Mannheim. Man kennt das Phänomen: Jemand stellt ein ausrangiertes Möbelstück auf die Straße und bald schon gesellen sich weitere Dinge dazu. Wilde Sperrmüllhaufen aus kaputten Wäscheständern, alten Elektrogeräten, schiefen Stehlampen und fleckigen Matratzen sind ein Ärgernis in vielen Städten. Auch Sonja Maria Kaas verhehlt nicht den bisweilen in ihr aufkeimenden Ekel angesichts dieser sich ständig verändernden Ansammlungen. Und doch ist die Künstlerin und Gartenplanerin fasziniert von den skulpturalen Ensembles und hat ihnen das Projekt „reality bites“ gewidmet. Der Port25 – Raum für Gegenwartskunst in der Hafenstraße zeigt die immersive Installation mit Fotografien und Fundstücken nach der Eröffnung heute Abend, 19 Uhr, noch bis zum 20. Juli im Rahmen des Festivals OFF//FOTO.

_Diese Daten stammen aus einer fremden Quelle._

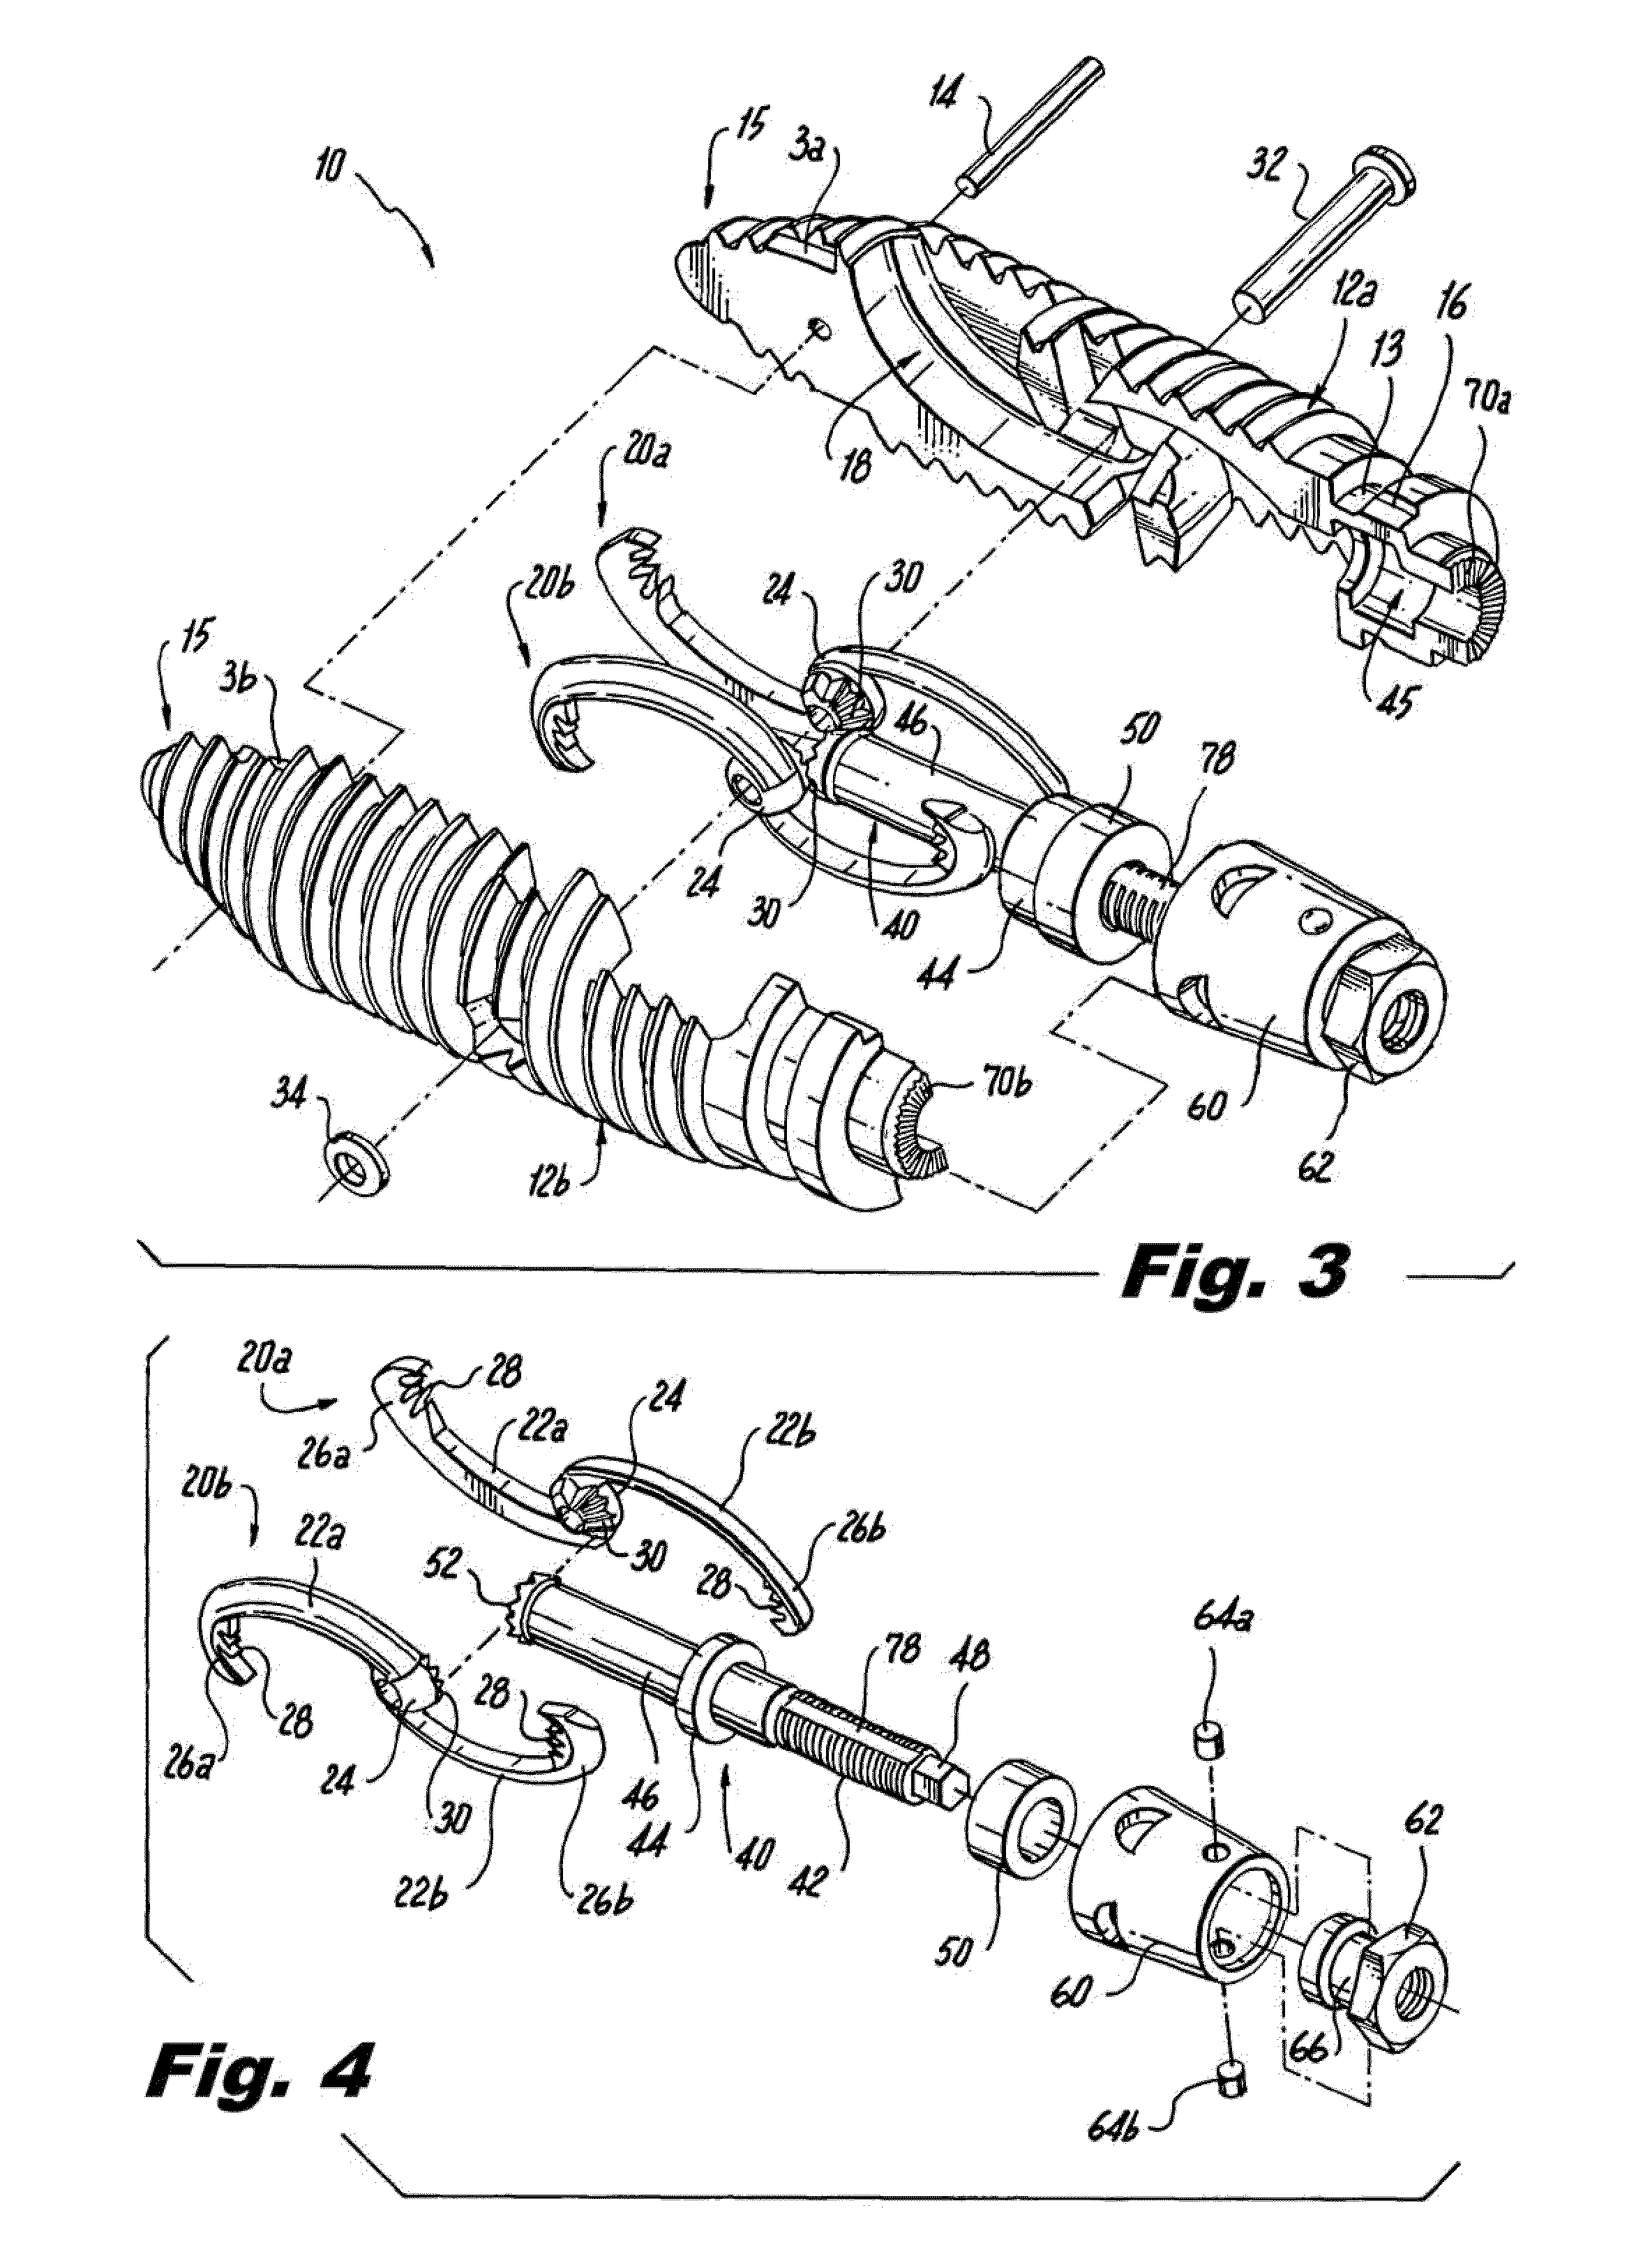 Interspinous process implants having deployable engagement arms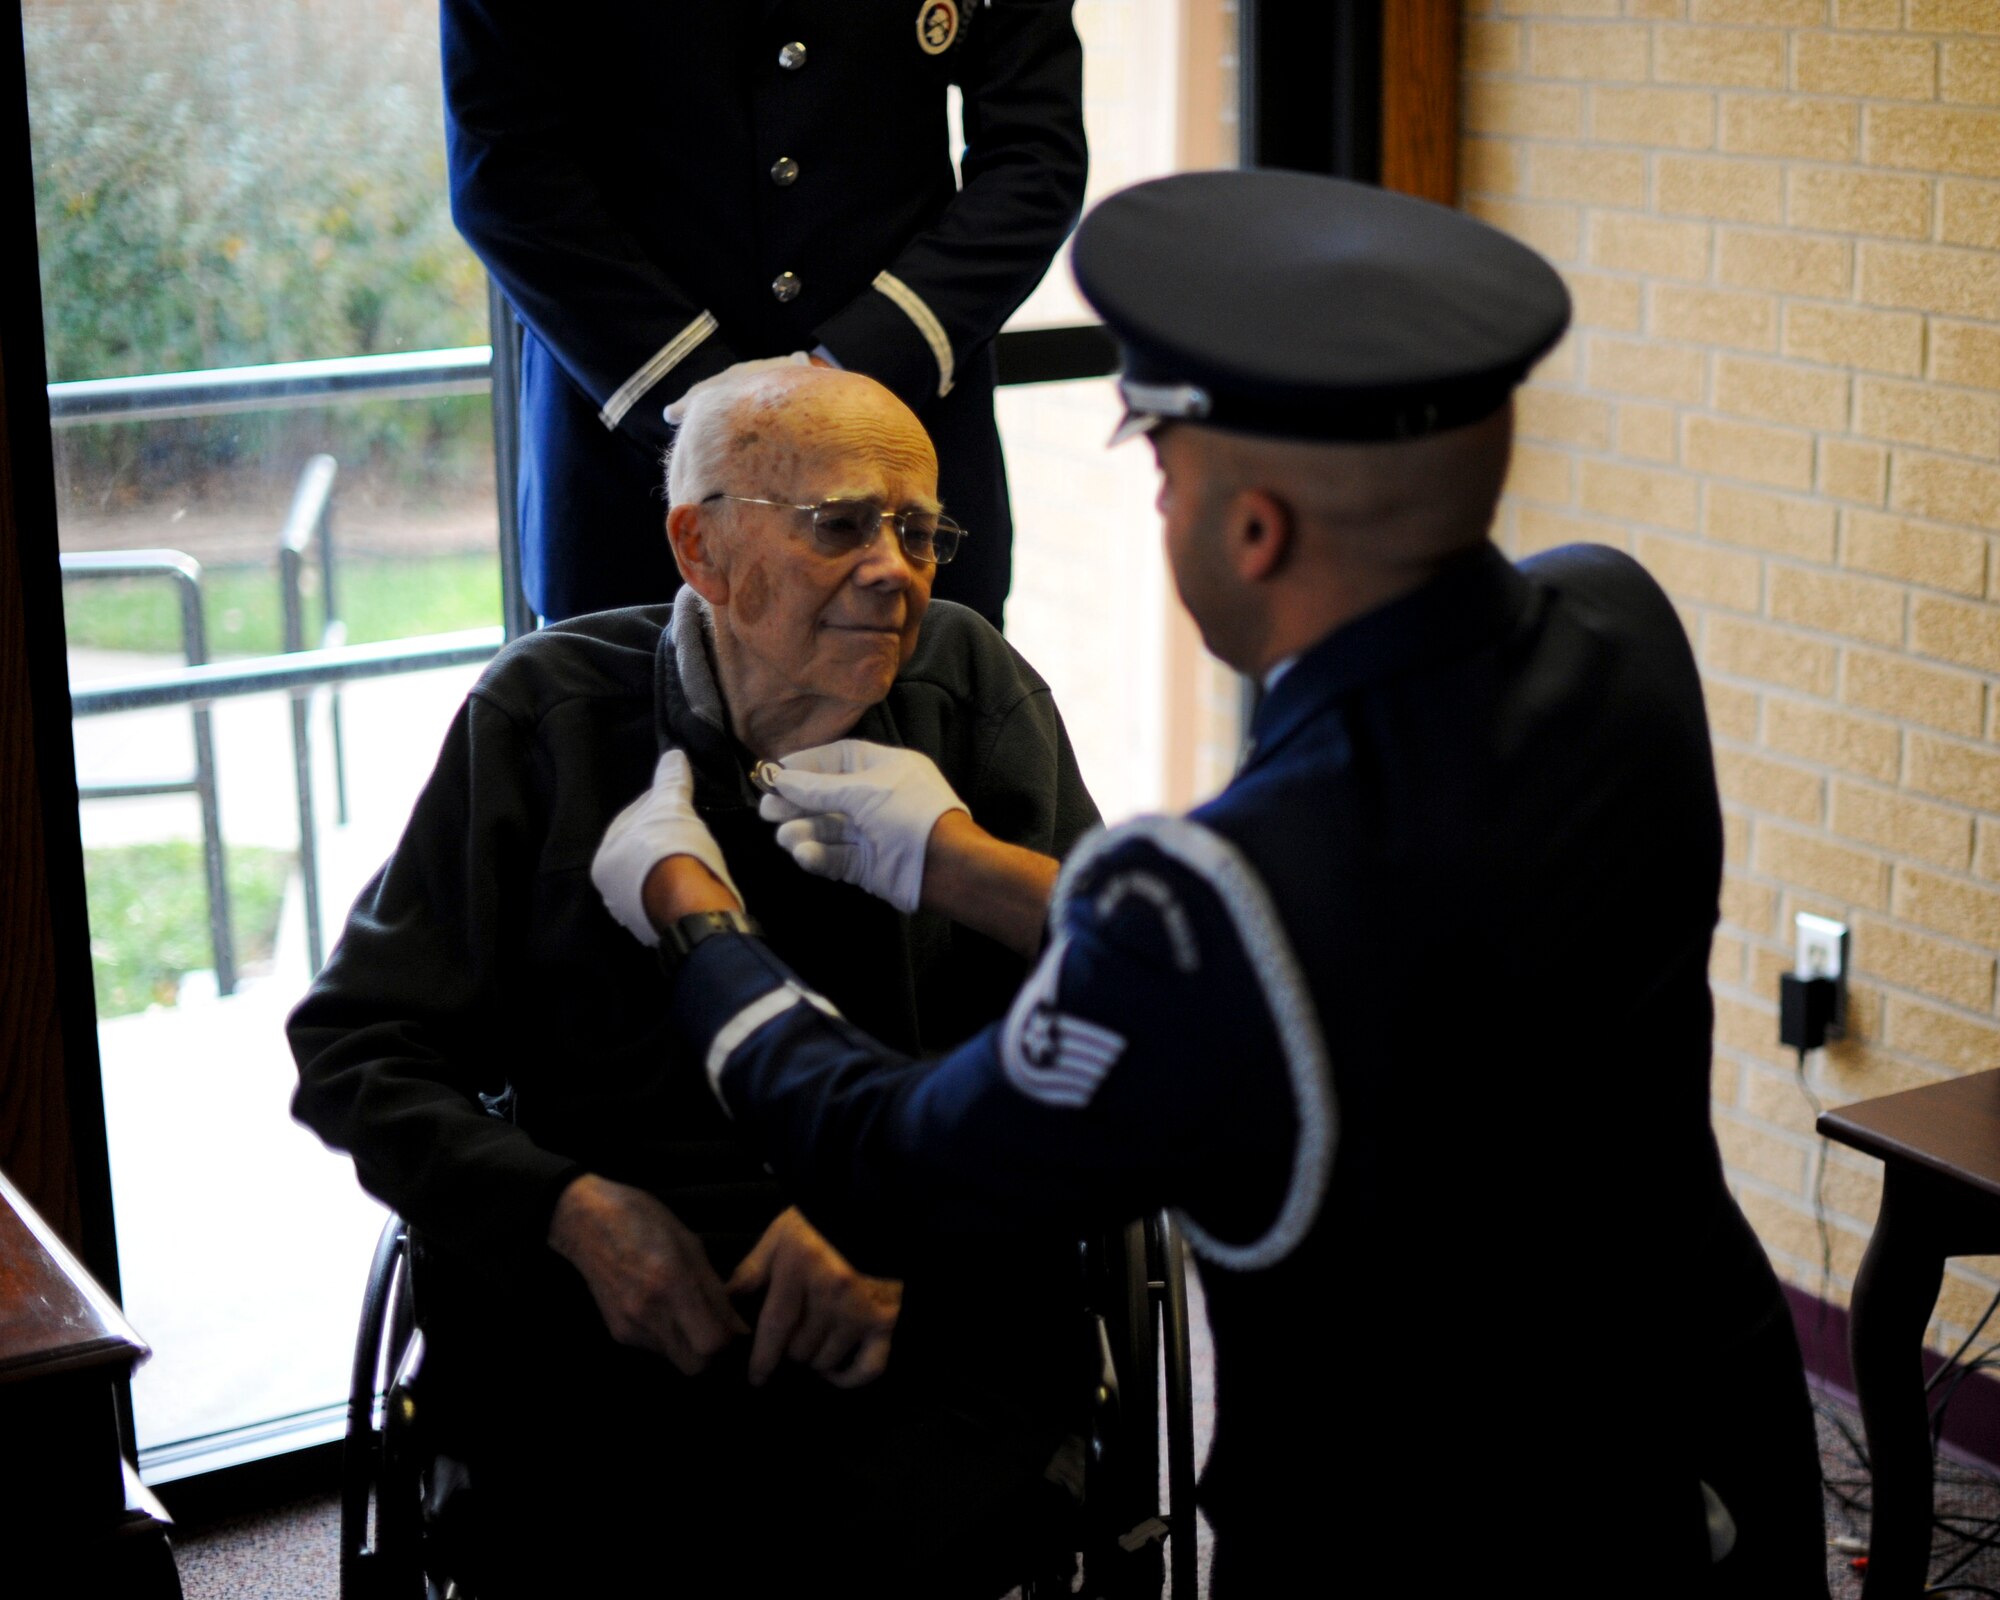 Tech. Sgt. Terrance Williams, 22nd Air Refueling Wing Honor Guard NCO in charge, places a veteran’s pin on the collar of Roy Mullinax, a World War II veteran, Dec. 8, 2015, in Newton, Kan. Mullinax enlisted in the Army towards the end of World War II before joining the Air Force and working for the federal government for more than 50 years before his retirement in 2004. (U.S. Air Force photo/Senior Airman Victor J. Caputo)

Die verborgene Ästhetik des Sperrmülls entdecken
Drei Wochen lang ist Kaas im vergangenen Herbst durch den Jungbusch gestreift, wo sie seit 2017 wohnt, und hat insgesamt neun verschiedene Sperrmüllablagerungen immer wieder aus unterschiedlichen Perspektiven fotografiert. Indem sie die Haufen als Ganzes oder einzelne Teile daraus freigestellt und vor monochrome Hintergründe in Signalfarben geschoben hat, entzieht sie ihnen jede örtliche Zuschreibung - und jede Anklage. Nur wer ganz genau hinsieht, entdeckt in zufällig vorhandenen alten Spiegeln Häuserfassaden oder Bäume, die einer bestimmten Straße zugeordnet werden könnten. Stattdessen lenkt die Fotografin den Blick auf die besondere Ästhetik der Anordnungen ohne jede Ordnung oder Logik und auf die Objekte selbst. „Mich interessiert die Persönlichkeit, die Identität der Gegenstände“, sagt Sonja Maria Kaas und lädt ein, Fragen zu stellen: nach ihrer Herkunft, ihren Besitzern und nach den Gründen, weshalb sie auf der Straße gelandet sind.
Das kleine rote Ferrari-Cabrio zum Beispiel: ein Kinderauto in Bobbycar-Größe. Wer damit wohl durch die Gegend geflitzt ist? Ob das Kind mittlerweile zu groß dafür ist? Und wer es nun besitzt? „Es stand nur einen Tag und war dann weg“, erzählt Kaas. Das sei eine ihrer wesentlichen Erkenntnisse gewesen: „Die Dinge wandern, vor allem die mit Rollen.“ Wer hat wohl zwei Sofas so angeordnet, dass die darauf Sitzenden sich nicht unterhalten können? Und welcher Scherzkeks hat neben eine kaputte Kaffeemaschine ein halbes Glas Instant-Kaffee gestellt? Aus Details wie diesen könne man sich ganze Geschichten ausdenken und erzählen, findet sie.
Ein Wohnzimmer aus geretteten Fundstücken erschaffen
Einige Fundstücke hat sie gerettet und zu einer Installation gruppiert: ein kleines Sideboard, eine Lampe und eine hübsche, unbeschädigte Vase erzeugen in der Mitte des Ausstellungsraums eine heimelige Wohnzimmeratmosphäre. Besucher der Ausstellung sind ausdrücklich aufgefordert, das Sitzmöbel zu benutzen: Der bequeme Kugelsessel aus den 70er Jahren ist prima erhalten und lässt sich um 360 Grad drehen - ideal, um einen ersten Eindruck der Bilder zu erhalten.
Um die Details zu erfassen, lohnt jedoch der Blick aus kurzer Distanz: auf die Veränderungsprozesse , die die Sperrmüllhaufen durchmachen, auf die unterschiedlichen Blickwinkel, die die Fotografin uns gewährt, und auf die einzelnen Dinge, die sie hervorhebt, um uns ihre Seele zu zeigen.
Am 15. Mai findet im Port25 ein Künstlerinnengespräch statt.